Un abrazo colectivo en Valladolid reclamará que se cumplan los derechos humanos con los migrantes

Performance del Colectivo Indignado sobre los refugiados, en el festival de Teatro de Calle de 2017 /ALBERTO MINGUEZA
Performance del Colectivo Indignado sobre los refugiados, en el festival de Teatro de Calle de 2017 / ALBERTO MINGUEZA

El Colectivo Indignado se suma a una iniciativa europea, que tendrá su réplica local el domingo 5 de mayo a las 12:00 horas en Fuente Dorada

Víctor Vela
VÍCTOR VELAVALLADOLID

La plaza de Fuente Dorada acogerá este domingo la acción reivindicativa El abrazo de los pueblos, una convocatoria del Colectivo Indignado que, ante las elecciones europeas del próximo 26 de mayo, pretende dar «un toque de atención» a los políticos «para que trabajen para que los ciudadanos europeos recuperen los derechos que se han perdido en los últimos años» y para que se garanticen «todos los derechos a las personas que llegan a nuestras fronteras».

Valladolid se suma así a una movilización que tendrá lugar en una veintena de ciudades españolas (Barcelona, Pamplona,Gijón,Granada, Toledo,Sevilla,Santander, Valencia,Madrid, Ceuta o Melilla, entre otras), así como en varias capitales y localidades europeas, como Londres, Atenas, Salónica, Dublín, Belgrado, Palermo, Malmö, Biarritz, San Juan de Luz o Biarritz. También habrá convocatoria en San Francisco, auspiciada por la plataforma Abriendo Fronteras.

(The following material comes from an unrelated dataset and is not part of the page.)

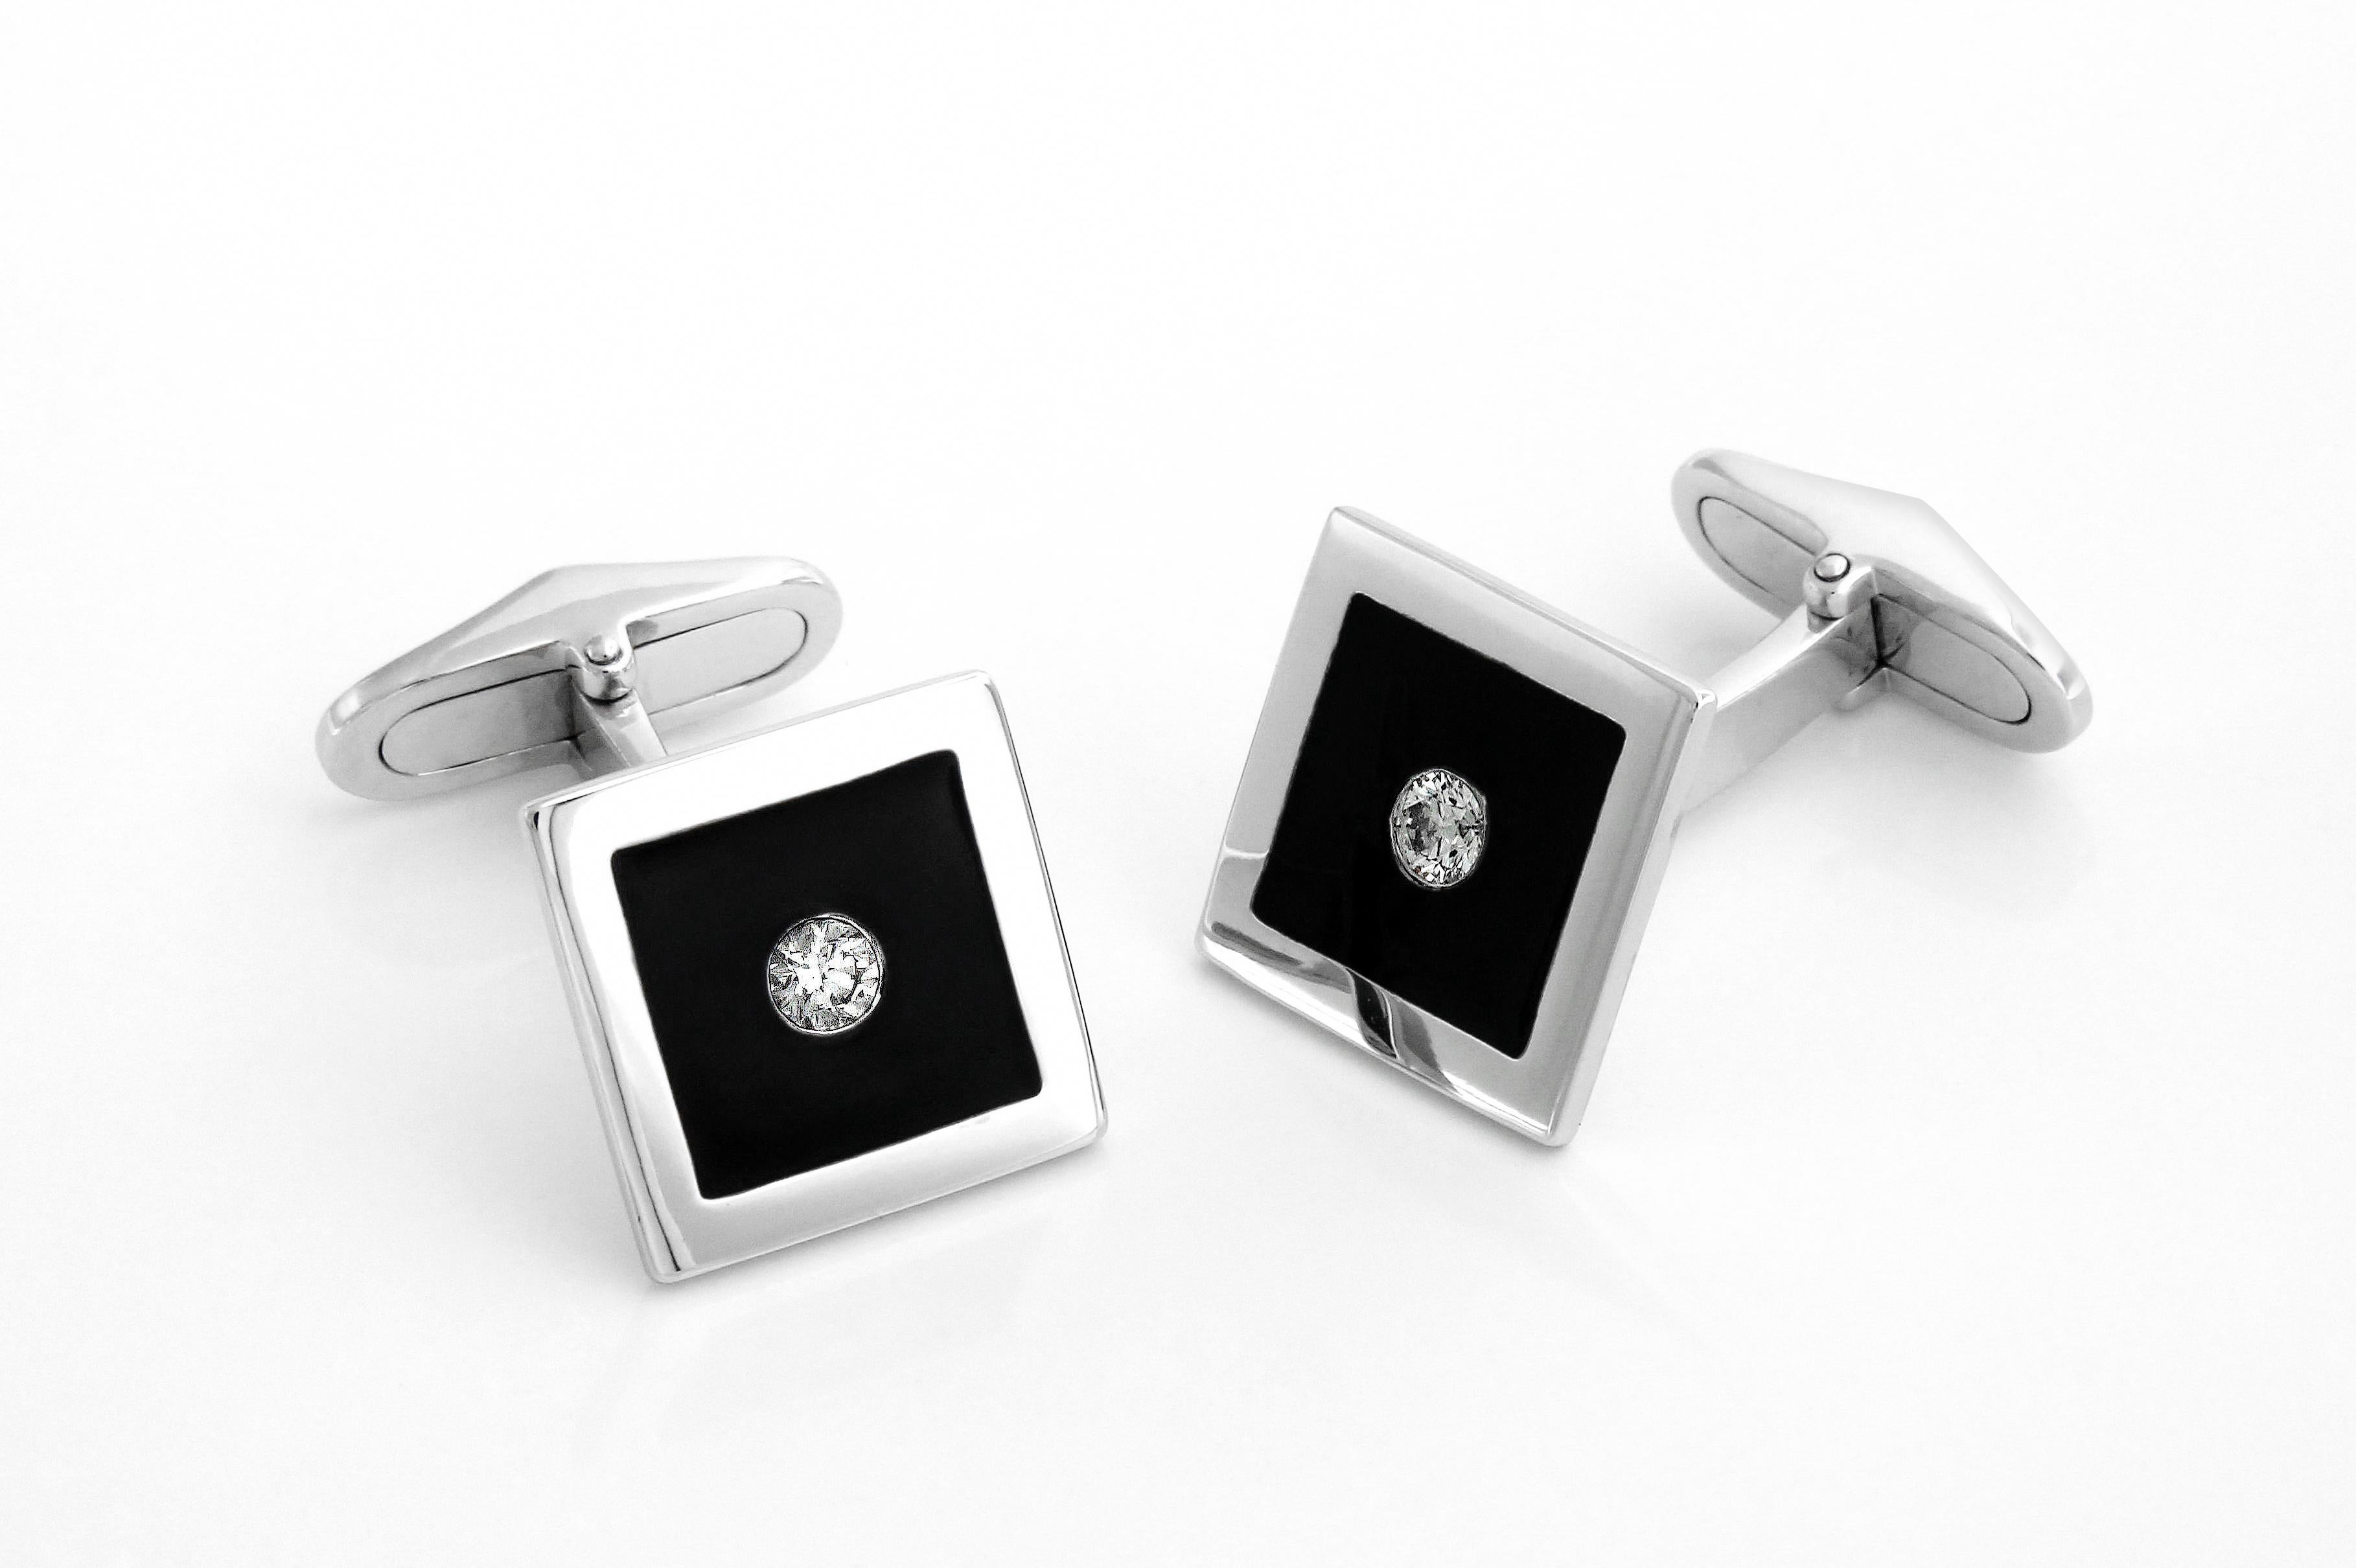 These enamel and diamond cufflinks were created for the sophiscated gent who loves to dress up but not be over stated. Made in 18k gold and set with two diamonds, they are the perfect accessory for the stylish man about town.

«Vemos cómo la política europea no respeta los derechos ya reconocidos ni tiene pensado ampliarlos», explica Jesús del Río, del Colectivo Indignado Valladolid. «Ocurre, por ejemplo, con el derecho de asilo, que no se respeta. Con las devoluciones en caliente. Tampoco, una vez ya en territorio europeo, se garantizan todos los derechos. Vemos separación de familias... Y no hay acciones que garanticen vías seguras para las personas que huyen de países en guerra, como Siria, por lo que las personas migrantes caen en manos de las mafias».

Fuente Dorada acogerá el domingo a mediodía una acción en la que, junto a una actuación musical, se creará un círculo reivindicativo y se leerá un manifiesto que asegura que «en estos momentos en Europa, de forma acelerada, ganan terreno fuerzas de extrema derecha y neofascistas», lo que arroja «olas de odio sobre las personas migrantes y refugiadas, a las que culpan de los males de nuestras sociedades, del desempleo, de los bajos salarios, de la crisis social y económica, del aumento de la delincuencia y del machismo».

El texto que se leerá el domingo concluye que «como consecuencia de esas fuerzas extremistas, junto a quienes desde sectores de centroizquierda y de derecha asumen algunos de sus postulados, incrementan las injustas políticas migratorias ya existentes, como las expulsiones masivas, cierran las fronteras y arrojan a la muerte a decenas de miles de migrantes en las aguas del Mediterráneo, en los desiertos de África y en otros lugares sin nombre, negándoles derechos humanos básicos, la vida y el derecho a migrar».

Ante ello, sigue el manifiesto, reclaman «el cumplimiento estricto de la declaración universal de los derechos humanos, que todas las personas migrantes puedan moverse libremente y que disfruten de los mismos derechos que el resto de quienes habitamos en Europa. El cese de la externalización de las fronteras, de la fabricación y venta de armas europeas, del saqueo de recursos y del acaparamiento de tierras, así como un cambio sustancial en las políticas económicas y comerciales actuales». Y además, reivindican «políticas migratorias acordes con los derechos humanos, cese de las expulsiones y establecimiento de vías de pasaje seguro para quienes quieren migrar de sus países».

Como conclusión, los participantes en la iniciativa se comprometen «a rechazar las políticas de odio y discriminación como norma de convivencia, y a defender los valores de humanidad y solidaridad como modo de vida en Europa».